Government Intervention

The federal government began guaranteeing student loans provided by private lenders in 1965. This created a program was called the (FFEL) program, or the Federal Family Education Loan program. According to The New America Foundation, the first federal student loans were provided under the National Defense Education Act of 1958. These were direct loans capitalized with U.S. Treasury funds. In 1990, the government became more involved with funding education directly with the Federal Credit Reform Act which was signed by George H. W Bush. This involvement increased further with the market disruptions in 2008 when government bailed out struggling private student loan lenders. The government takeover culminated in 2010 when Obama eliminated the FFEL program and ceased subsidies to private lenders all together. All federal loans have been made under the Direct Loan program since July 1, 2010. These steps have only increased student loan debt because of the basic economic principles previously stated. It is baffling then to consider that the same failed solutions continue to be attempted to combat the growing problem.

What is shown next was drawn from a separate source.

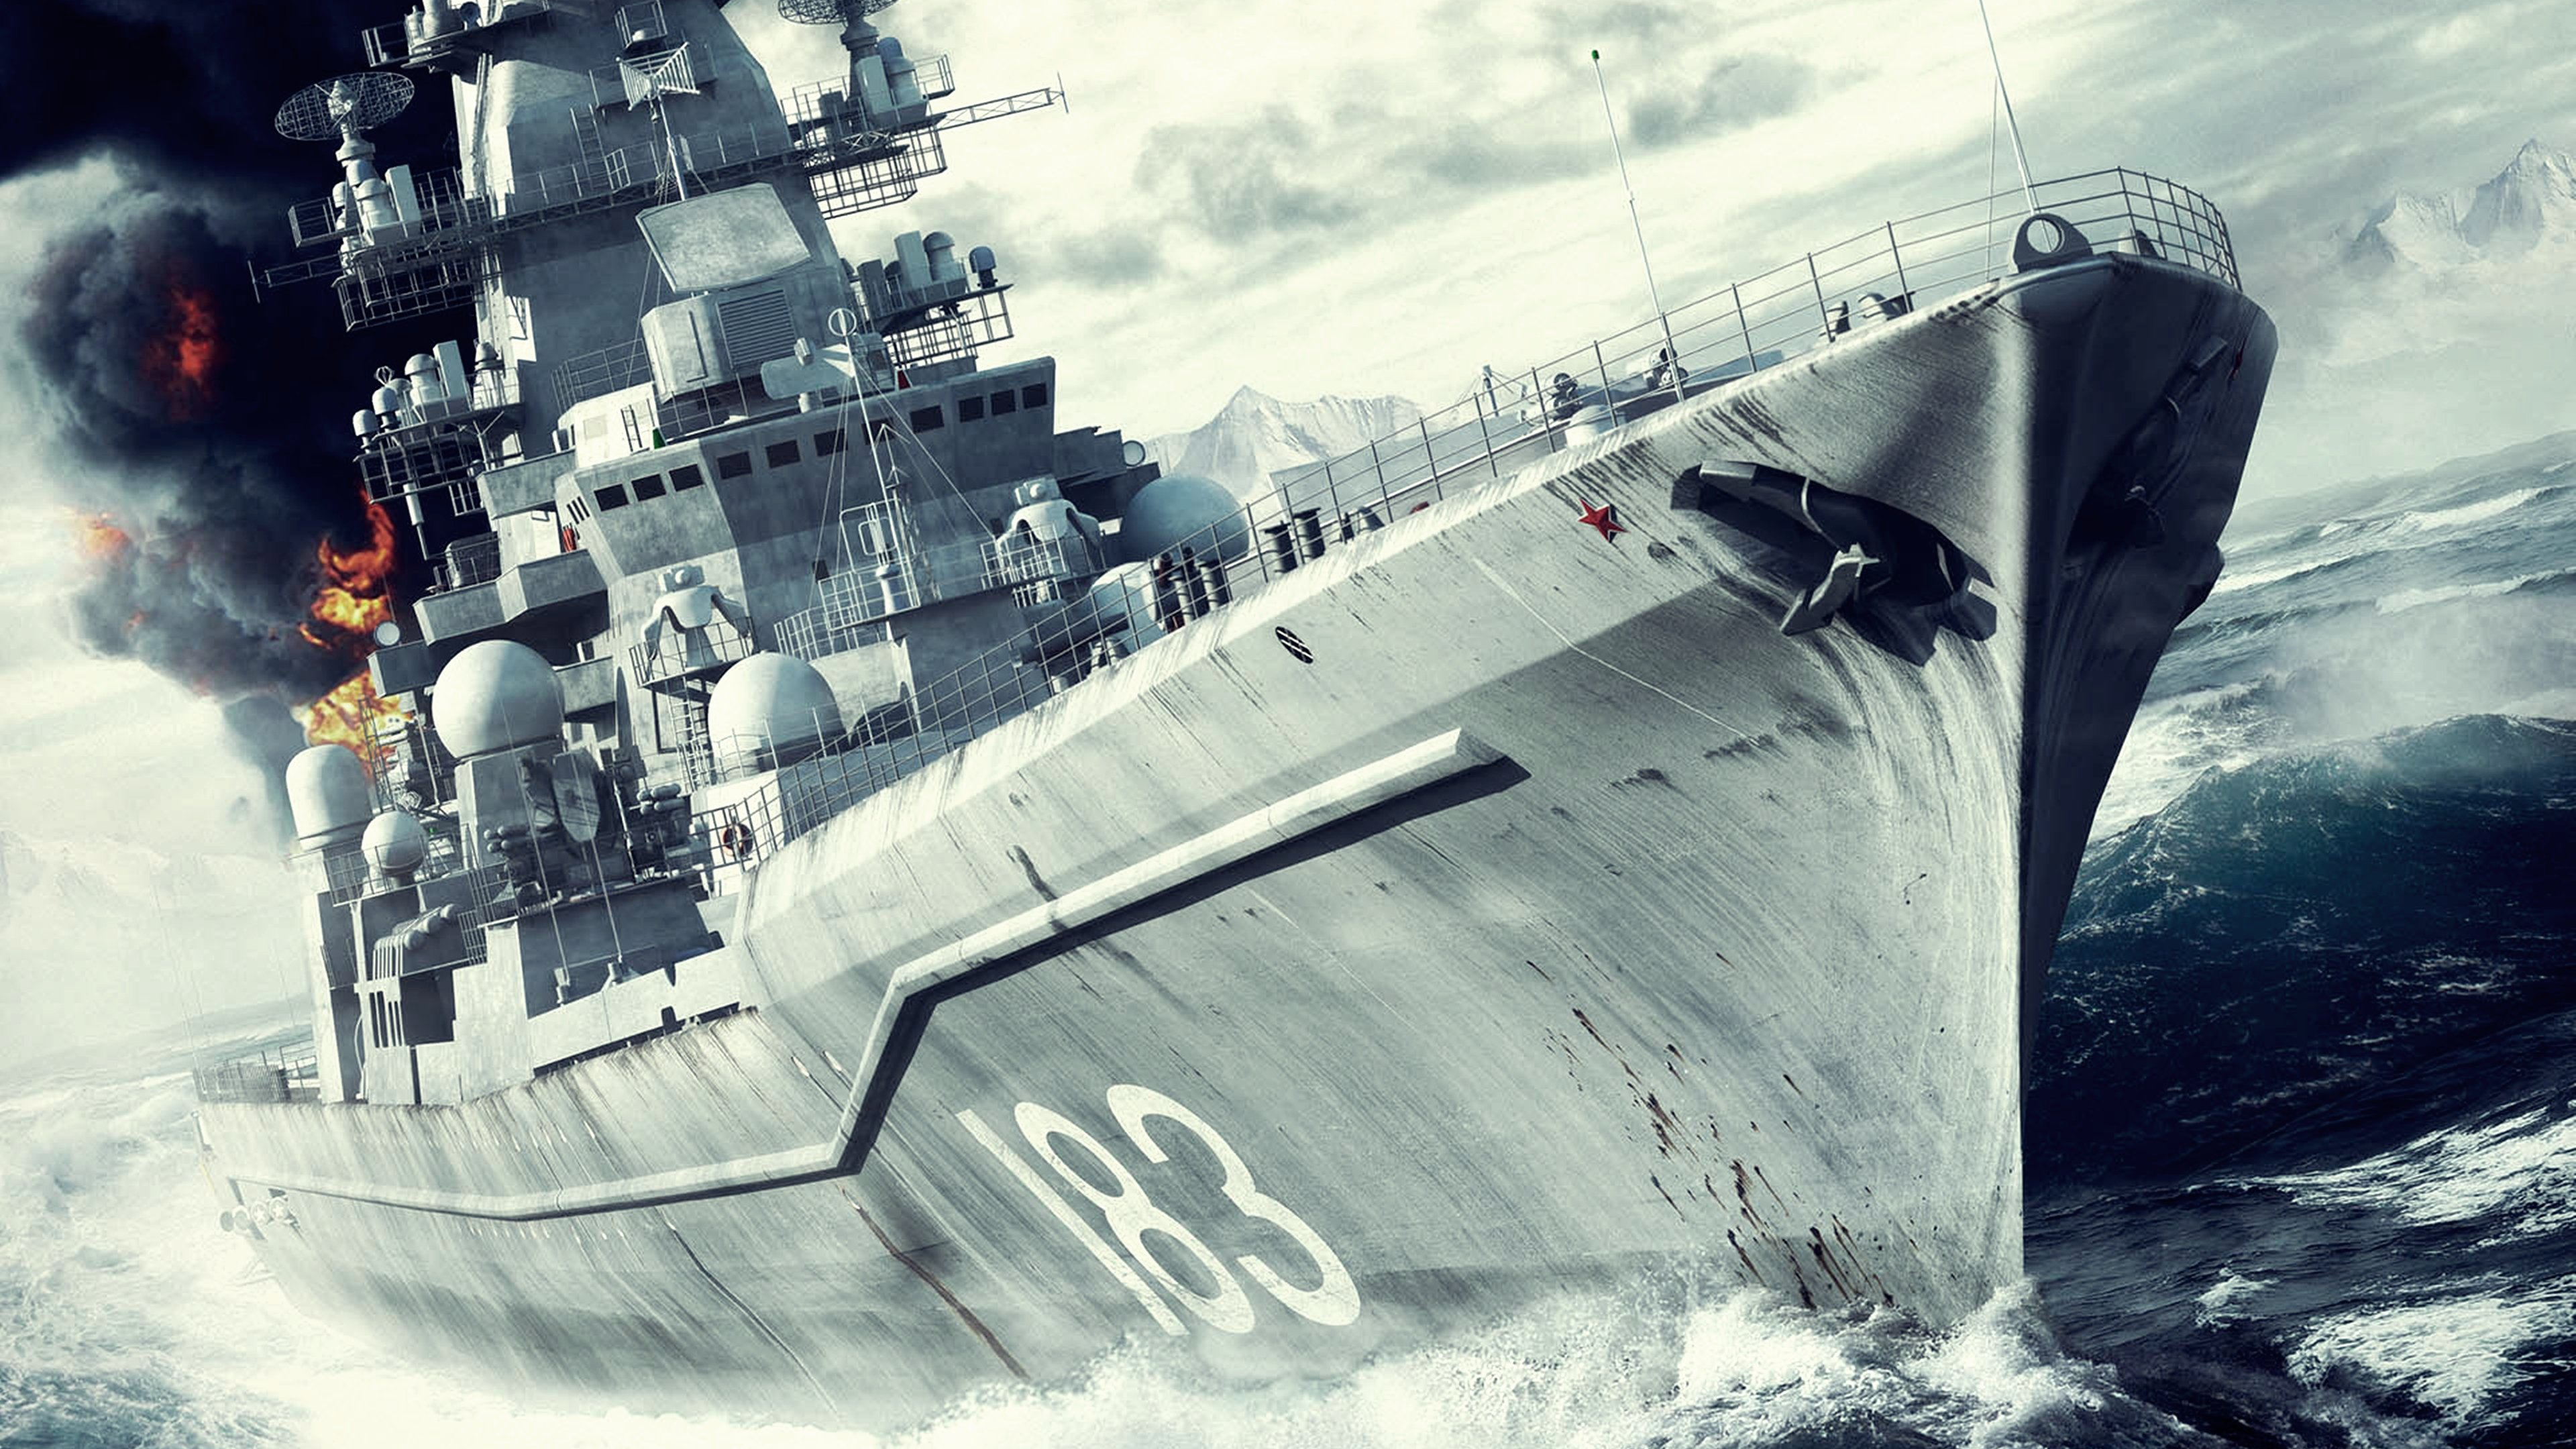 战舰, 海军的船, 军舰, 战列巡洋舰, 驱逐舰 壁纸 3840x2160 允许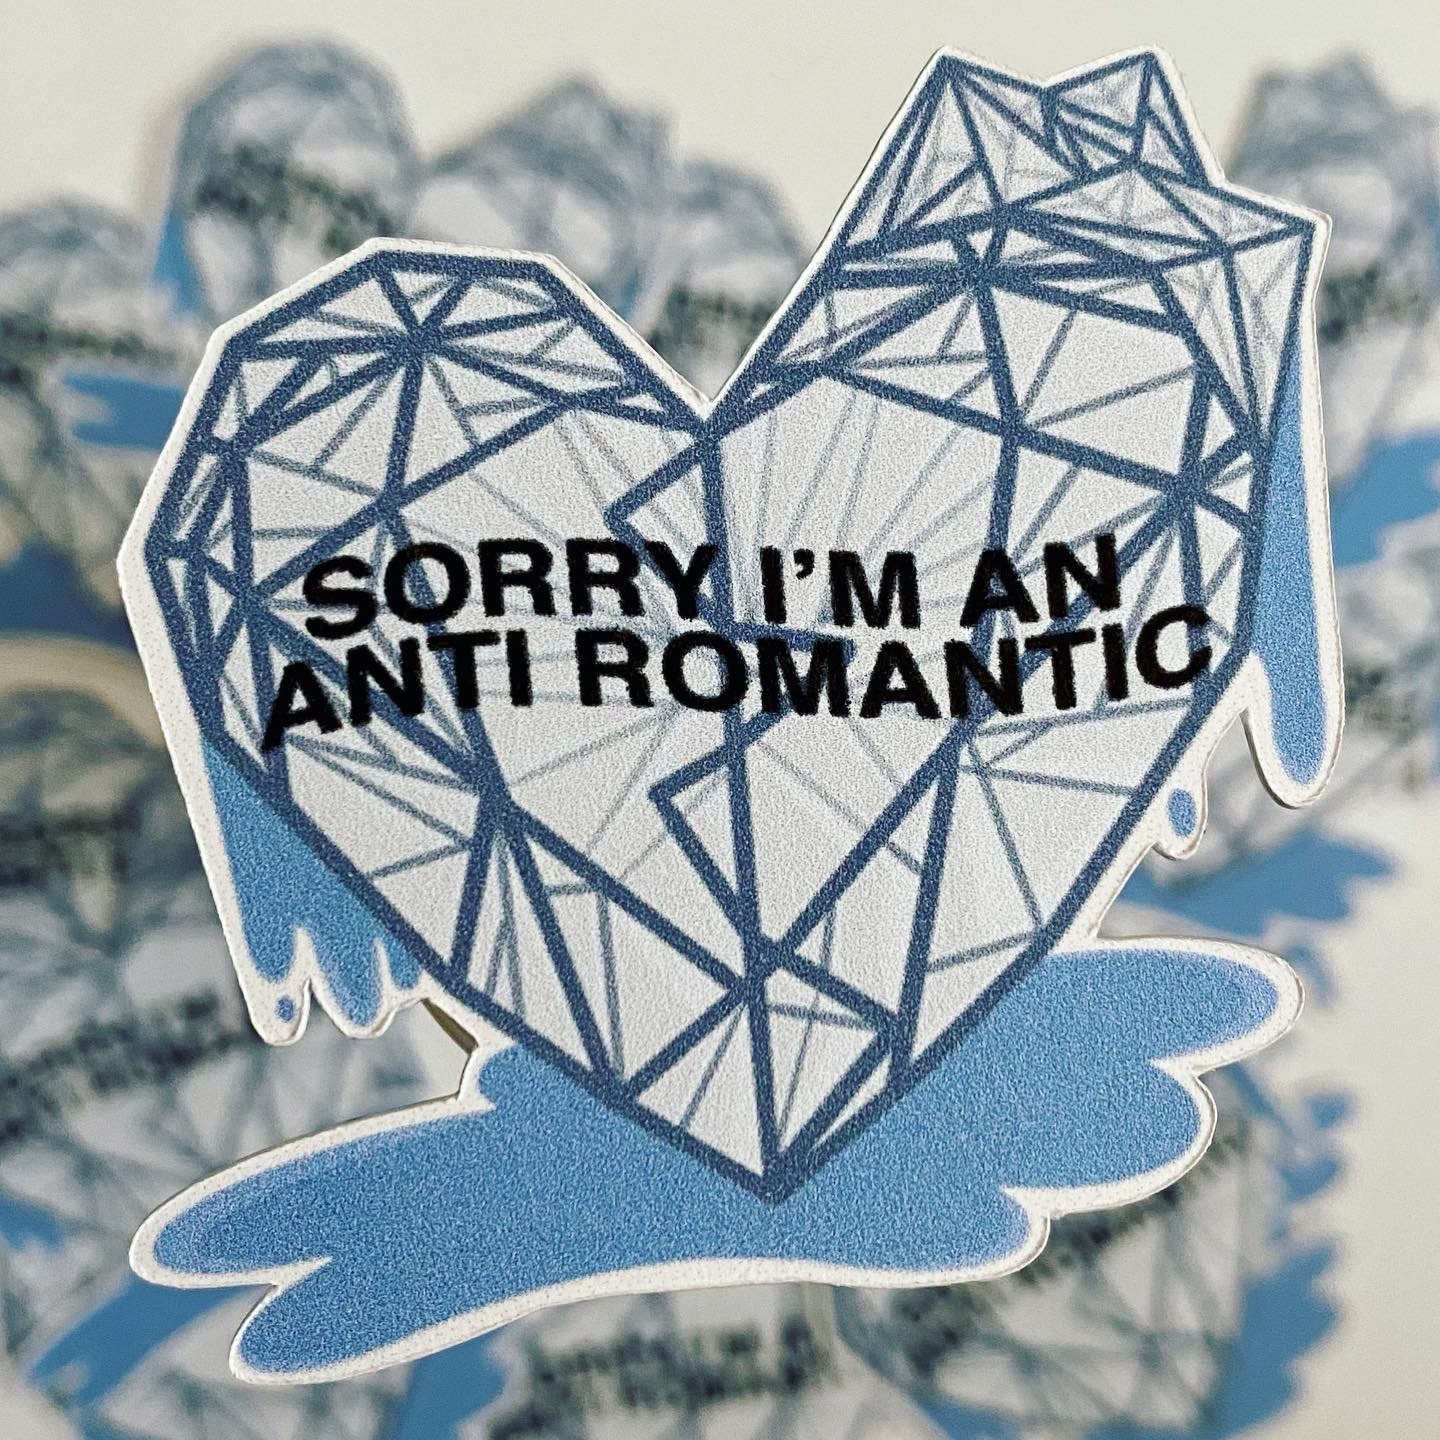 Anti romantic

In 2011 President Obama announced that he would be taking even more drastic steps to increase college affordability. In a White House Press Release, the Press Secretary, Arne Duncan, announced the Administrations new “Pay as You Earn” program. This is an expansion of the income based re-payment plan that would take effect in 2014 and allow 1.6 million Americans to cap their loan payments at 10 percent and forgive the balance of their debt after 20 years of payments. Also an estimated 6 million students and recent graduates will be able to consolidate their loans and reduce their interest rates. These programs represent a pure example of the “law of unintended consequences” in public policy. According to the Nellie Mae Corporation’s most recent National Student Loan Survey, average undergraduate student loan debt in 2002 was $18,900 up 74 percent since 1994. The average class of 2014 graduate with student loan debt has to pay back 33,000, according to an analysis of government data by Mark Kantrowitz, publisher at Edvisors. That is nearly double the amount borrowers had to pay 20 years ago. As the debt burden of college graduates rise faster than inflation, the question will be increasingly raised of whether the debt associated with a degree is worth it. The ease and affordability of student loans along with the evolution of a culture of debt and entitlement are pushing us into a dangerous corner as a society.
We are taught to believe that debt is necessary and an inevitable part of the social process. We are taught to expect free money and low interest rates associated with college tuition. We feel entitled to these things and when we overstretch our budget, we don’t think twice about defaulting on the low interest loans or waiting for government bail-outs.